La religione è un sottoprodotto cognitivo

Uno degli aspetti più interessanti del pensiero umano è la cosiddetta capacità di metarappresentazione. Gli esseri umani hanno la capacità, implicita, di “leggere” la mente degli altri. Possiamo prevedere il nostro comportamento e quello degli altri, facendo leva su considerazioni fisiche o affidandoci alla convinzione che ciò che muove il mondo siano gli stati mentali e che gli altri siano come noi. 

Tale abilità, elaborata nella teoria della mente, ci permetterebbe, quindi, di prevedere il comportamento degli altri esseri umani. Al contempo, però, potrebbe condurci a percepire intenzioni dove non ce ne sono. 

Quando un evento inspiegabile accade, il cervello potrebbe essere incline ad attribuirlo a una qualche entità, come una divinità o uno spirito, dotata di raziocino e volontà propria.

Questo fenomeno, noto come animismo, è alla base di molte religioni primitive. Queste vedono ogni elemento naturale, dalle piante agli animali, come dotato di un’anima o spirito.

La religione, secondo questo approccio, è vista come una sorta di bug cognitivo, un eccesso di attivazione della nostra capacità di percepire agenti in contesti dove non esistono.

Religione ed evoluzione

Una delle teorie più affermate negli studi sulla religione sostiene che la religione sia un meccanismo sviluppato dagli uomini per sopravvivere in ambienti ostili e complessi. Un adattamento evolutivo, insomma.
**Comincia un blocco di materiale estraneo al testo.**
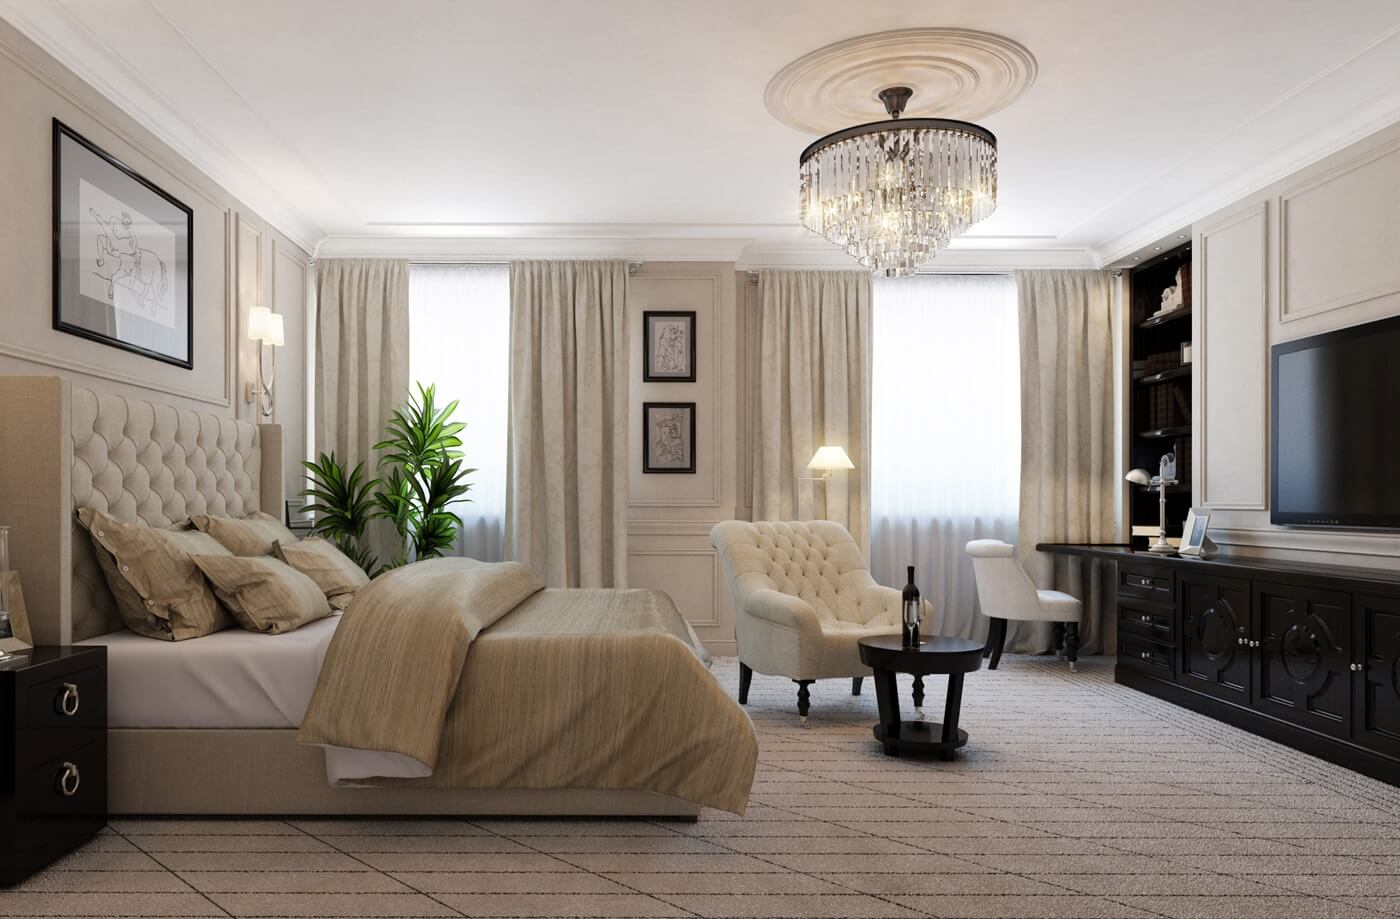 neoclassical style bedroom photo options
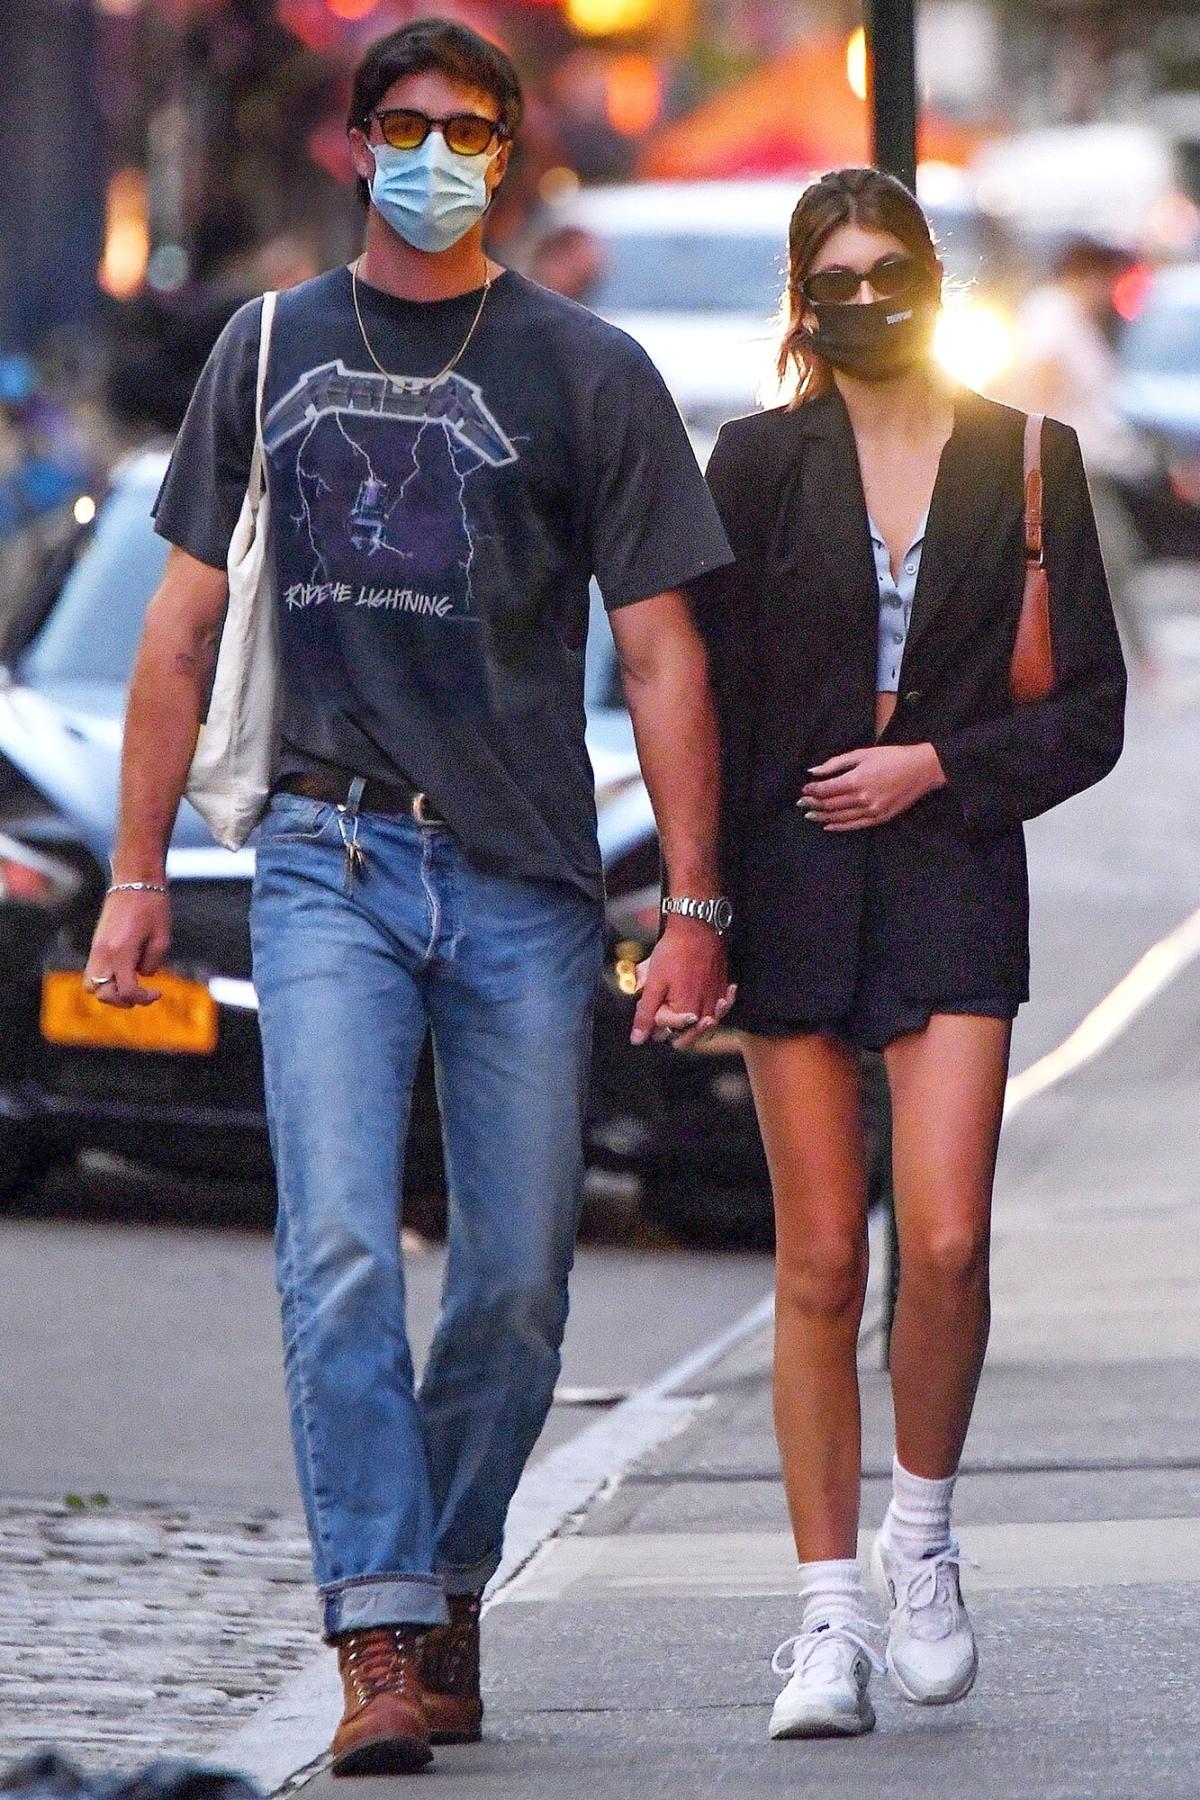 cara and harry holding hands

In questa prospettiva, la religione non sarebbe un semplice sottoprodotto della mente umana, ma una caratteristica selezionata.

La teoria della coesione sociale

Secondo molti antropologi e sociologi, la religione funge da collante sociale. La sua funzione, nello specifico, sarebbe quella di promuovere cooperazione e solidarietà. 

Credere in divinità che impartiscono punizioni per comportamenti antisociali, inoltre, potrebbe creare un senso di responsabilità che va a ridurre notevolmente i conflitti interni.

La religione come sistema di significato

Oltre agli aspetti evolutivi e cognitivi, la religione può anche essere vista come un sistema di significato. 

La vita umana è spesso caratterizzata da sofferenza, incertezza, ingiustizie. Eventi inspiegabili, difficili da accettare, e, prima ancora, da comprendere.

La religione permetterebbe, in quest’ottica, di attribuire un senso al mondo e all’esistenza stessa. Offrirebbe delle narrazioni che forniscono delle spiegazioni e, al contempo, aiutano gli uomini ad affrontare tali esperienze.

Un meccanismo di controllo sociale

Sono in tanti, a partire da Karl Marx e Max Weber, ad aver esplorato il ruolo di controllo sociale svolto dalla religione. In questa prospettiva, la religione sarebbe un mezzo di legittimazione attraverso cui le élite politiche e religiose acquistano e mantengono il potere e l’ordine.

Marx descriveva la religione come l’oppio dei popoli, suggerendo che essa servisse a mantenere i lavoratori e le classi subalterne in uno stato di accettazione passiva delle proprie infelici condizioni.